[INFORMATION SHOWN]
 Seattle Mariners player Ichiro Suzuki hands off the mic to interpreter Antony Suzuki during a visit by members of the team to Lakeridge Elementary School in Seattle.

--

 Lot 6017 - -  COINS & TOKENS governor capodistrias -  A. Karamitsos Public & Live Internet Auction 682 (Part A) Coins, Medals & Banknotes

==

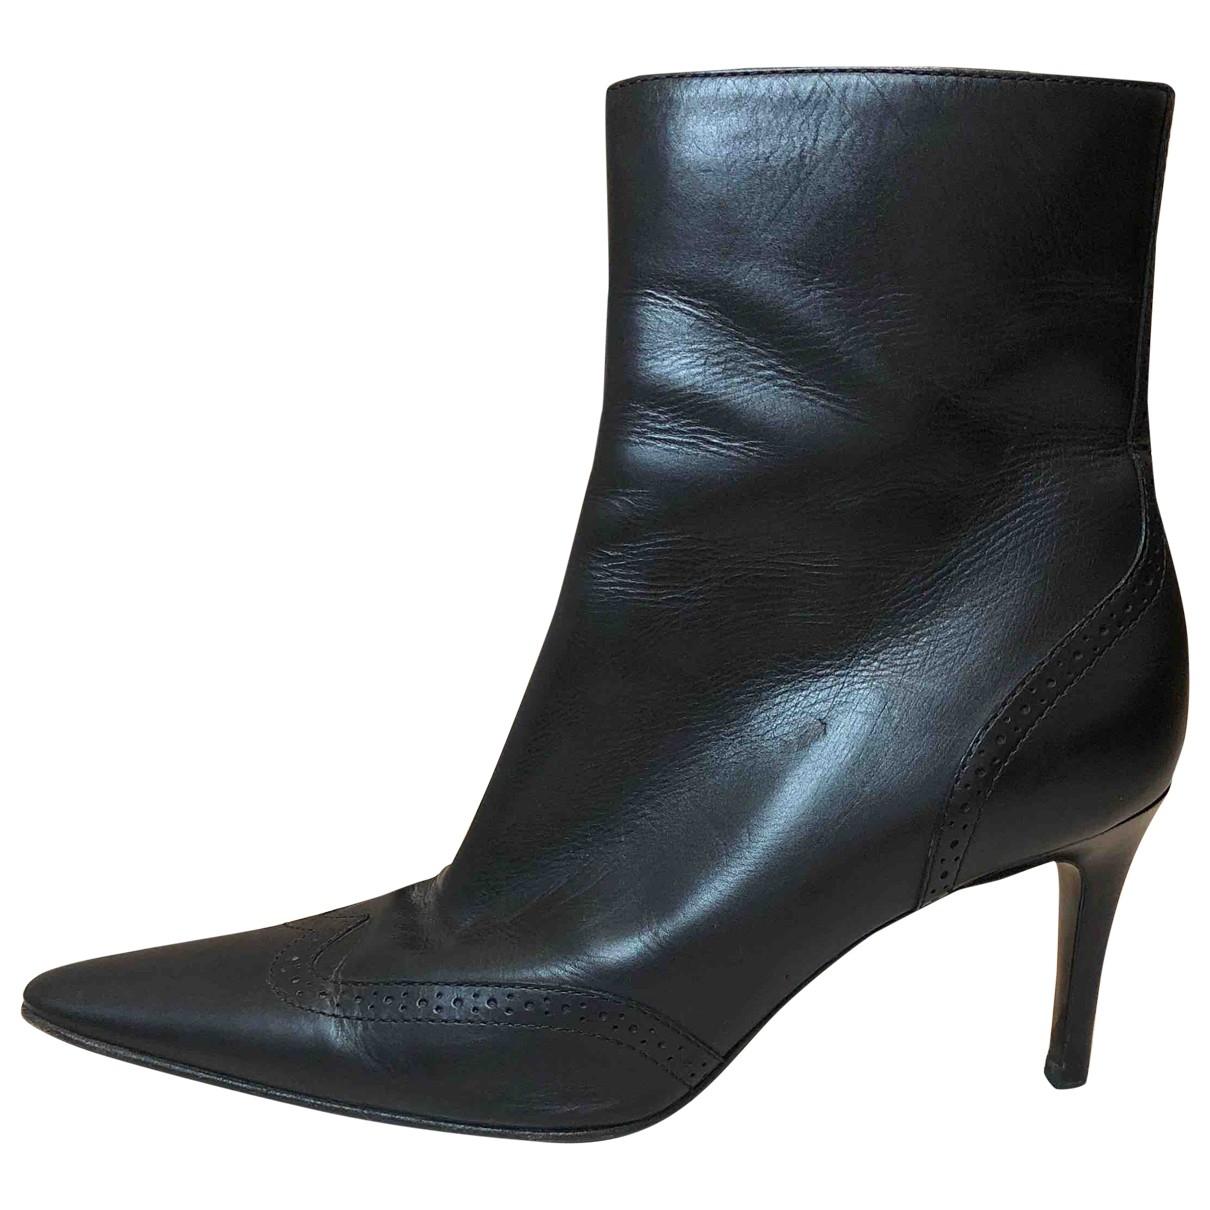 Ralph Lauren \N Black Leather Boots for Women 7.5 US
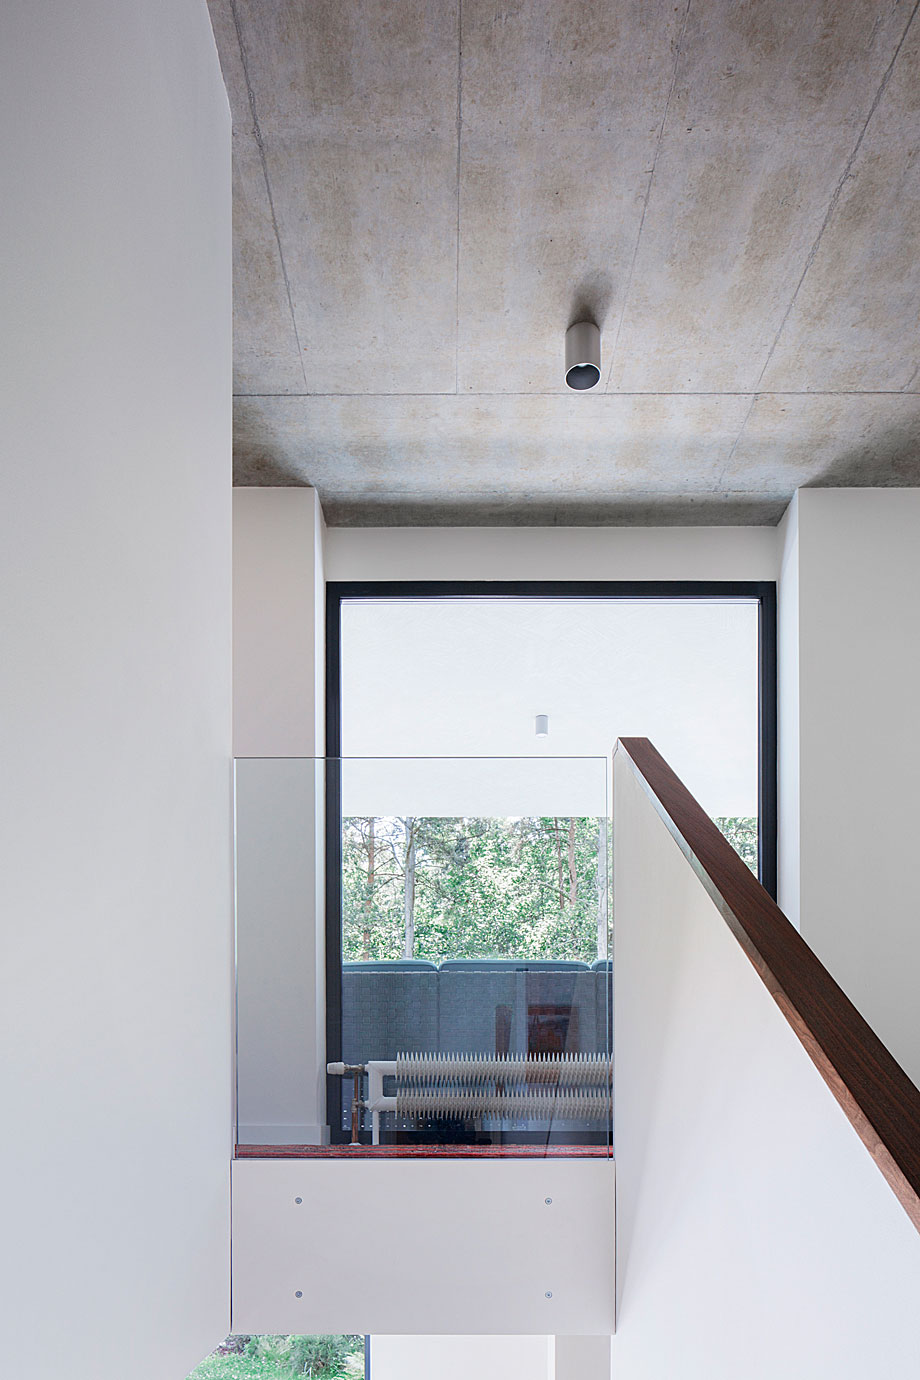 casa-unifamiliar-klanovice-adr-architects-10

[TO DO]
The lines to set down run from the line with "Ralph Lauren \N" up to and including the line with "casa-unifamiliar-klanovice-adr-architects-10" in the entries above. Reproduce them exactly, with no pictures.

[RESPONSE TO THE TASK]
 Ralph Lauren \N Black Leather Boots for Women 7.5 US
 casa-unifamiliar-klanovice-adr-architects-10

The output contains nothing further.